The Department of Mental Health Law and Policy has developed training to address the issues of ethical standards in Behavioral Health Services Research. Historically, much of the discussion of research ethics has focused on the use of clinical trials in biomedical research. In the behavioral health area, trials for psychopharmaceutical research have received the most attention. In contrast, these workshops will focus on ethical and legal issues that arise in the conduct of less invasive behavioral health services research in which people with serious mental illness are involved. We have chosen this focus for three reasons.

First, services research has become increasingly important given the dramatic changes in the financing and organization of health and behavioral health services that have occurred over the last decade. It is estimated that expenditures for mental health and substance abuse services comprise approximately 15 percent of all health care spending in the United States, and many cost containment strategies have been adopted in recent years in an effort to contain the rate of inflation in those expenditures.

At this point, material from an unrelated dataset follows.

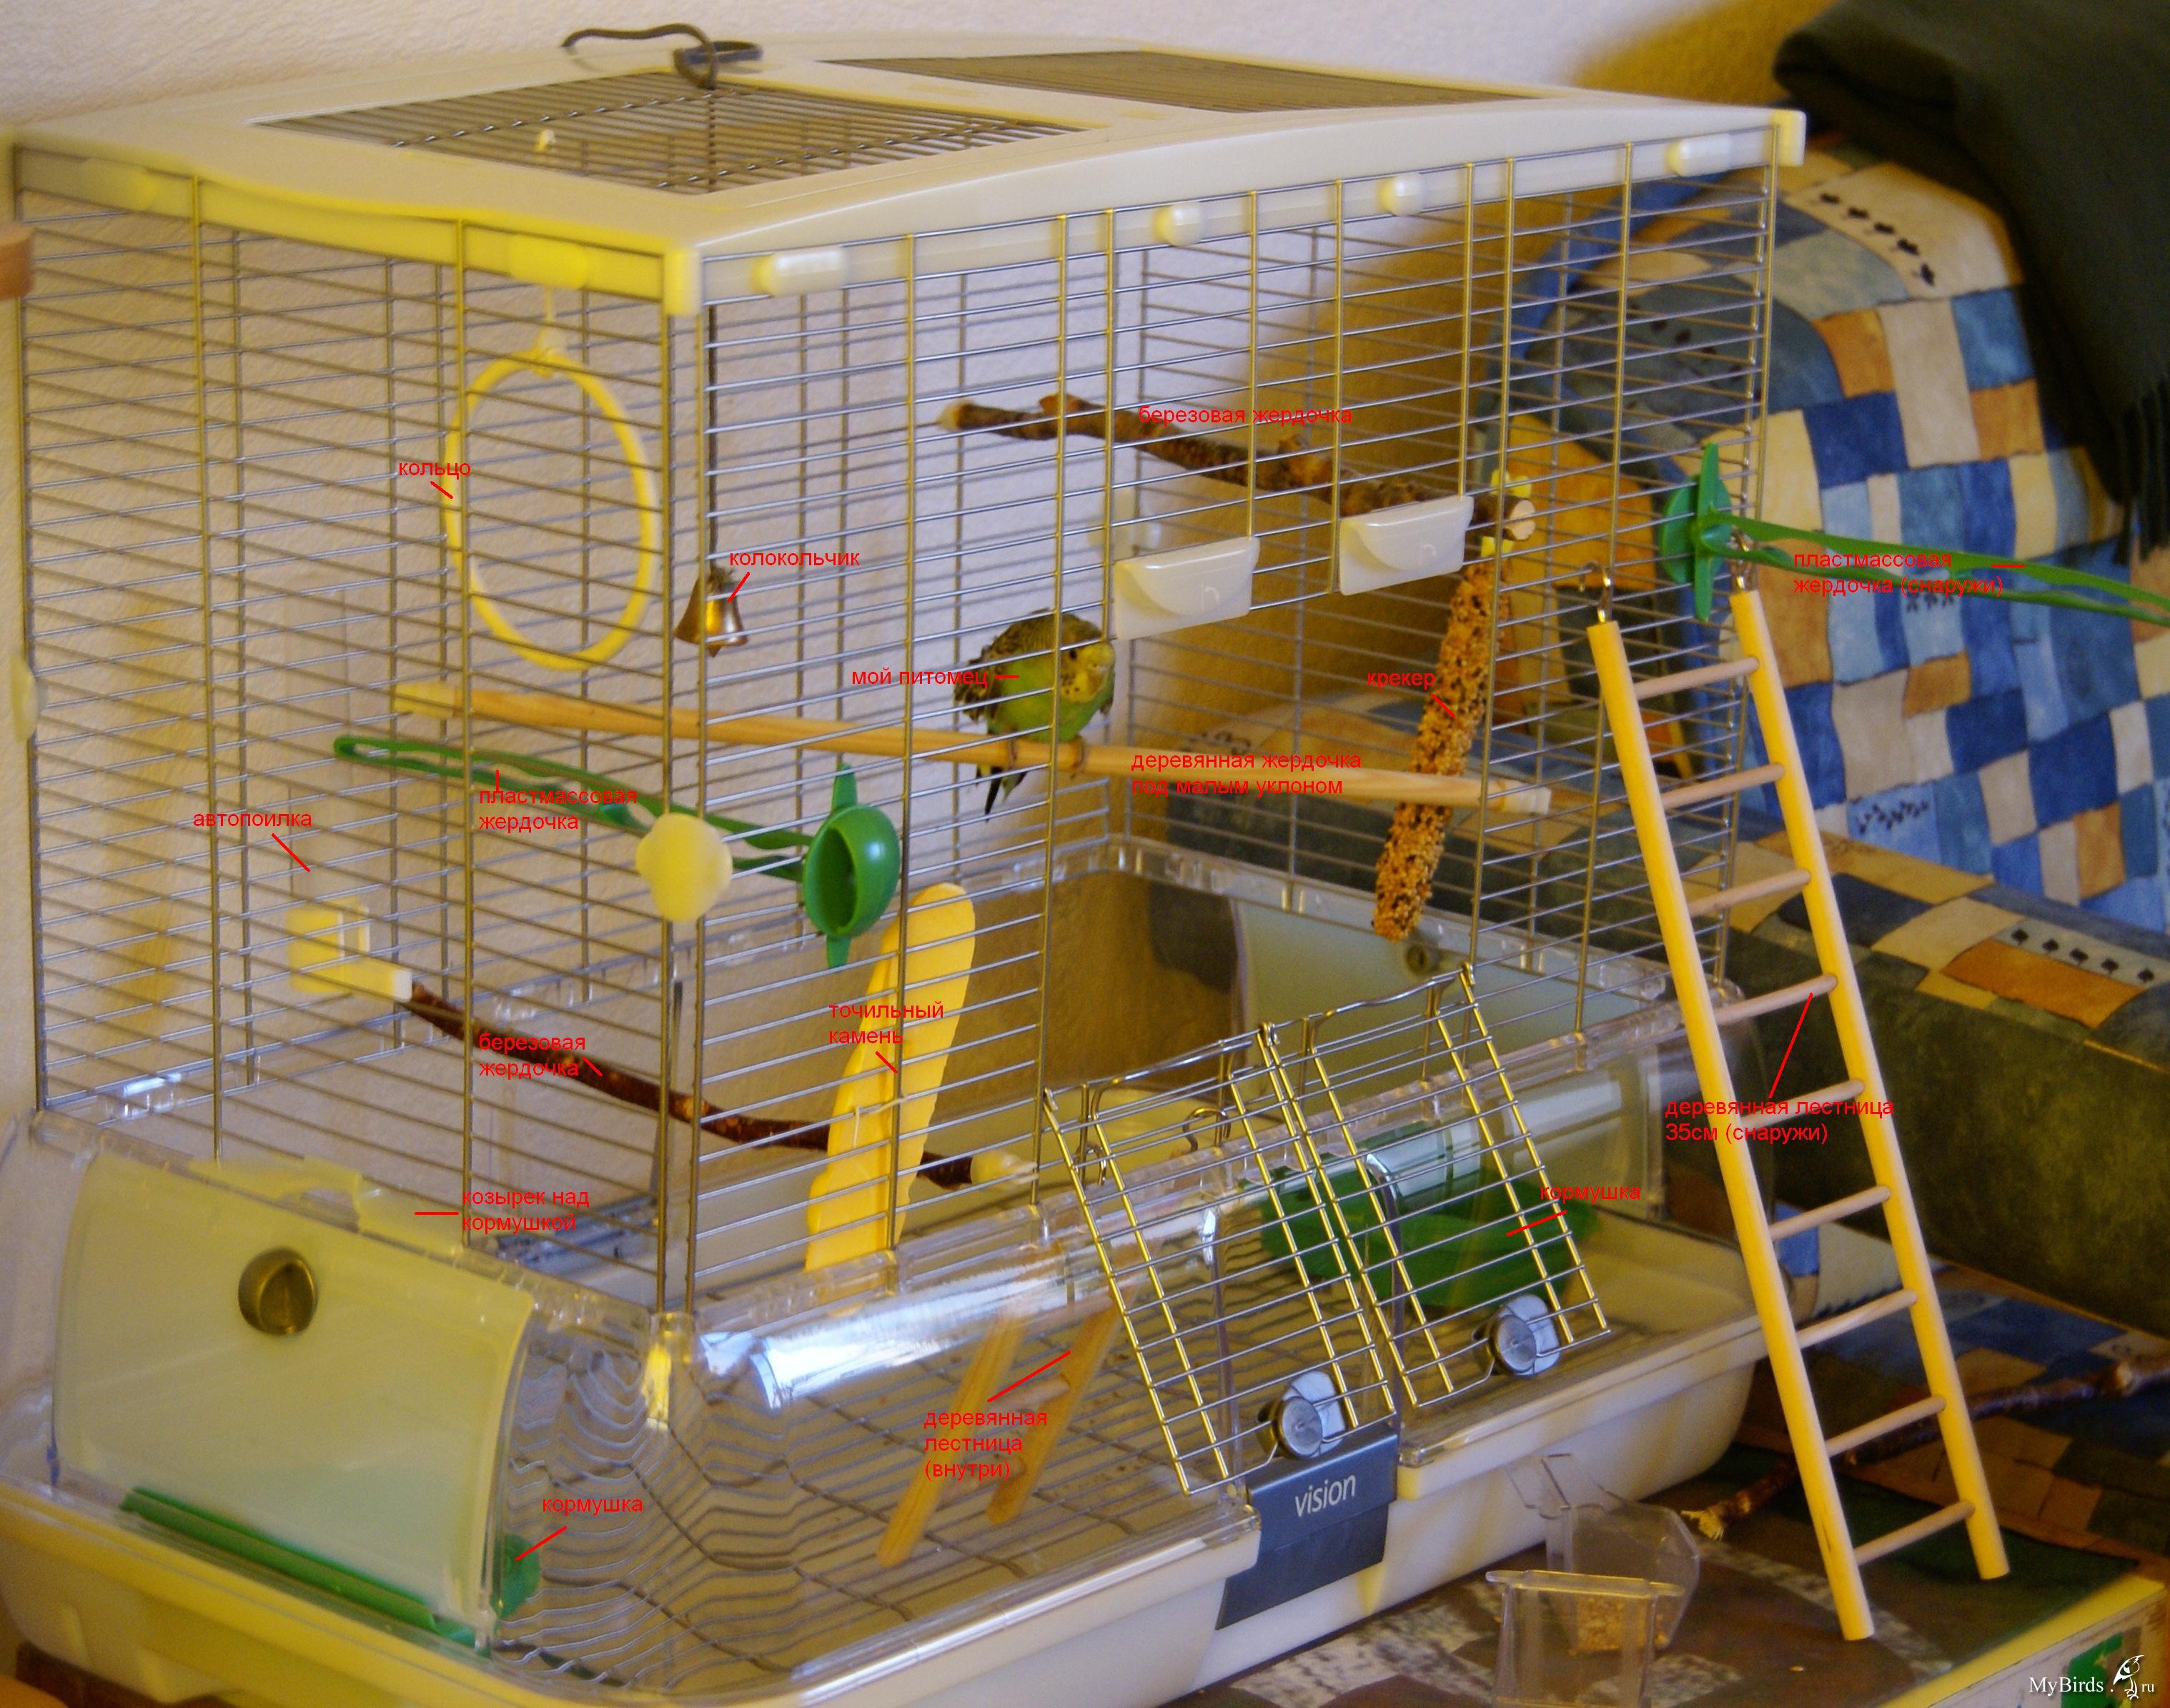 Как загнать попугая в клетку просто и быстро, не травмируя птицу

Second, the ethical and legal issues that lie at the heart of almost all biomedical research (questions of individual capacity; whether participation is voluntary; concerns regarding confidentiality) may be exacerbated when people with serious mental illnesses are participants. For example, severe mental illness may compromise decision-making capacity to a greater degree than is the case with other populations. Confidentiality concerns may be more pressing because of the continuing stigma associated with mental illness. Perceptions as to what is coercive may be quite different from the viewpoint of the person with mental illness and the perspective of the researcher or practitioner. It is important for researchers and IRB members to understand that the issues they commonly address may be different in the context of research involving individuals with serious mental illness.

Finally, the technology used in services research, while seemingly innocuous on its face, may be problematic when employed with people with serious mental illness or when raising questions regarding the mental health of respondents. For example, a common technique in services research is the use of surveys. Yet as one study reported, approximately 10% of the individuals surveyed indicated becoming emotionally distressed by questions concerning psychological symptoms. In a subsequent study, 7% of the respondents to a community survey of elderly persons on dementia reported that the survey made them distressed, depressed, or constituted an invasion of their privacy.

Other information-gathering techniques (e.g., follow-up telephone calls or home visits) may raise similar concerns. For example, if the distress caused is significant in a particular case, it raises a collateral issue of importance: what is the researcher's ethical and legal obligation to address the participant's distress caused by the researcher's methodology?

In addition, as services research proceeds, the collection of information may raise new ethical questions. For example, if a researcher obtains access to a variety of data bases on service utilization, and then links previously unrelated systems, he or she may create a much more comprehensive profile of the individual than would be available simply through using discrete data sources. Does this ability to link data sets require the consent of the individual before it is utilized? Do confidentiality and privacy become distinct issues in such a setting?

By focusing on services research in which people with serious mental illness are we able to address issues that are related to but different in application than the ethical and legal issues ordinarily associated with biomedical research employing clinical trials.